Saturday, June 22, 2019

How should pastors and basketball players wear their hair?

This Sunday I have the opportunity to preach at the UCC congregation in Decorah, where the summer sermon series is based on the theme "Body-Loving Worship: God's Body & Our Own." I'm grateful for the chance to do more reflection on a text I've contended with before, 1 Corinthians 11:1-16. My key learning from the text is that, from the very beginning of the church, there were women and gender non-conforming people preaching, prophesying and leading worship. And from the very beginning, people were worried about their hair.

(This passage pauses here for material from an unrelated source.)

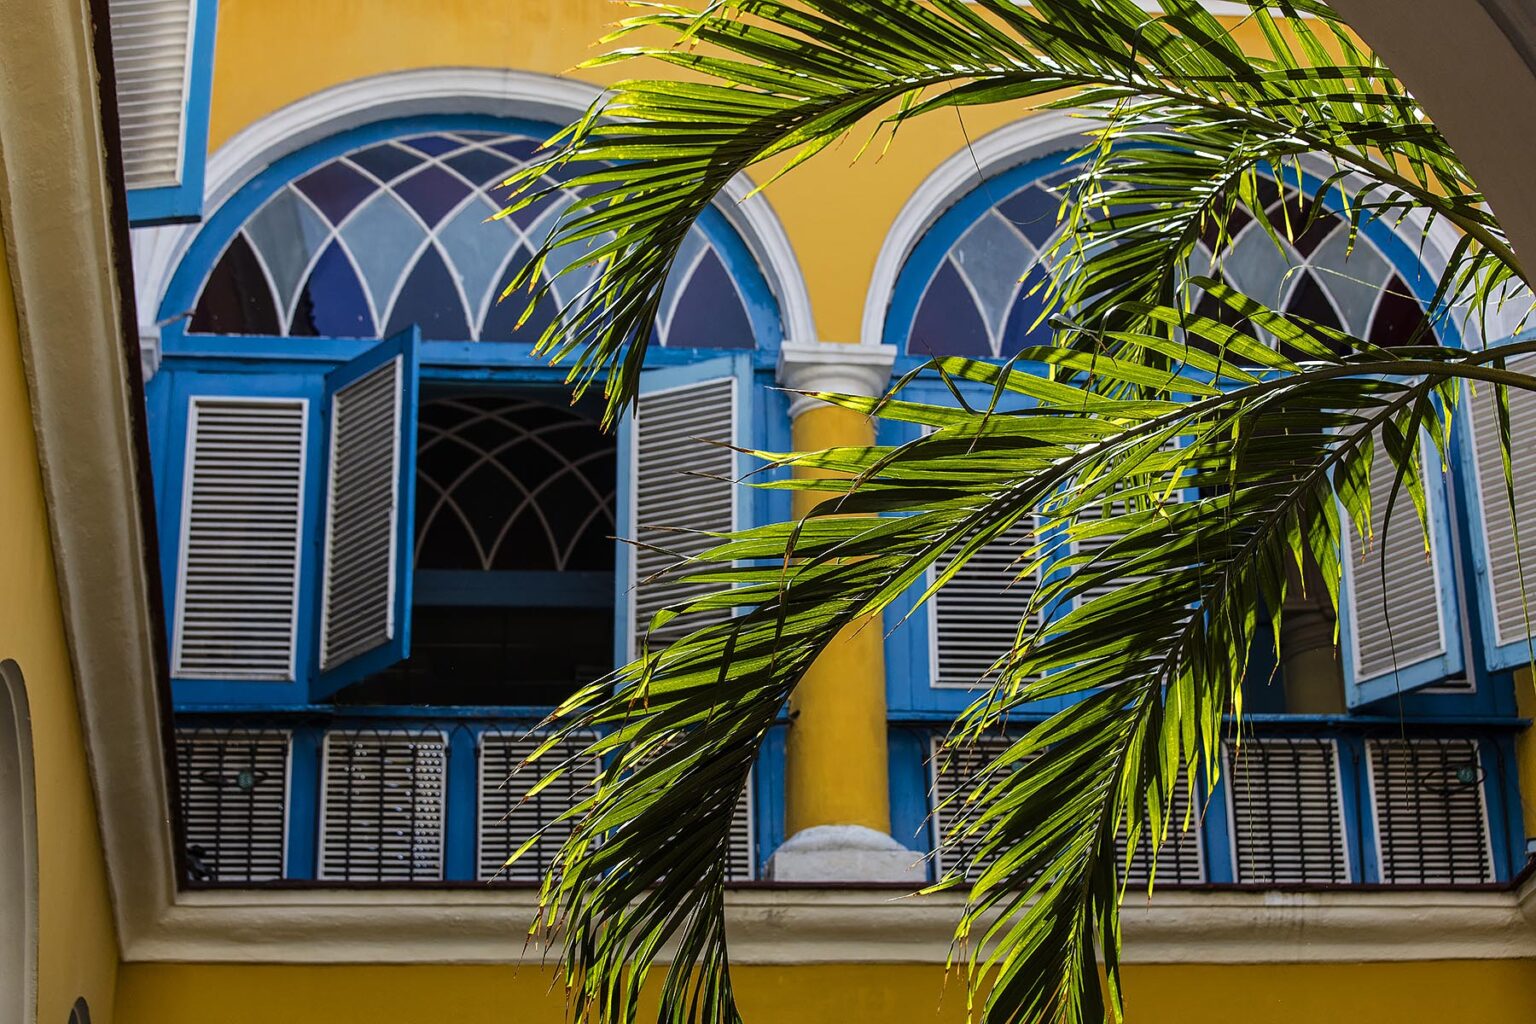 Historical architecture graces much of HABANA VIEJA  - HAVANA, CUBA

So, this worry is definitely not new, and it's definitely not gone, and it's definitely not confined to the church. Sometimes it takes the form of rules against wearing hijabs or other head coverings--rules aimed at Muslim women in the US and Europe. Sometimes it takes the form of rules against dreadlocks or natural black hair at schools or in workplaces. High school dress codes are notorious, and rightfully being challenged along with their underlying assumptions about clothes that make women and girls "distracting."
This week I was listening to live radio and got to hear an episode of The Takeaway that connected to this topic: "Not All Female Athletes Play to the Male Gaze." The podcast segment and interview is based on an opinion piece for The New York Times by Britni de la Cretaz, "Androgyny Is Now Fashionable in the W.N.B.A.: Women’s basketball is expanding ideas of what female athletes are allowed to look like." Listening to the podcast, I found some profound parallels between the experience of being a woman pastor and being a woman basketball player (parallels I might not have thought about, otherwise.) One point that stood out in both the podcast and the article: "As recently as 2016, the W.N.B.A. had fashion, hair and makeup classes for its rookie players. In 2008, nearly a third of the league’s two-day rookie orientation was dedicated to makeup and fashion tips."
I graduated from Yale Divinity School in 2008. While there, I got some make up and fashion tips, too, and I hadn't been expecting them. The way that advice was given--by one of the professors I most admire--has been something I've carried with me, contended and wrestled with.
What makes the 1 Corinthians text so interesting to me is the way it reflects this very real problem we have with seeing the image of God in each other. The text says, "For a man ought not to have his head veiled, since he is the image and reflection of God; but woman is the reflection of man." This just isn't true, but we act like it's true. We act like there are some people who reflect God more clearly, more directly, than others. We act like there's a best way to look like a woman when you're leading worship, a way that might minimize the distraction and be tasteful and professional and fit some idealized archetype of what a woman church leader should look like. We act like there's a best way to look if you're a woman basketball player, too. That archetype reflects the pressure we put on ourselves and others to conform to norms and expectations and guidelines (which are not-so-subtle ways of enforcing racism, heteronormativity, and other forms of oppression, too.)
Listening to this podcast gives opportunity for reflection on incarnation theology and embodiment, bearing the image of God, being the Body of Christ, and the ways bias and other limits on human imagination can be overcome by Spirit-filled curiosity, holy imagination, and the courage of leaders who model a different way of being themselves--beloved children of God--and embodying their roles as leaders, as well.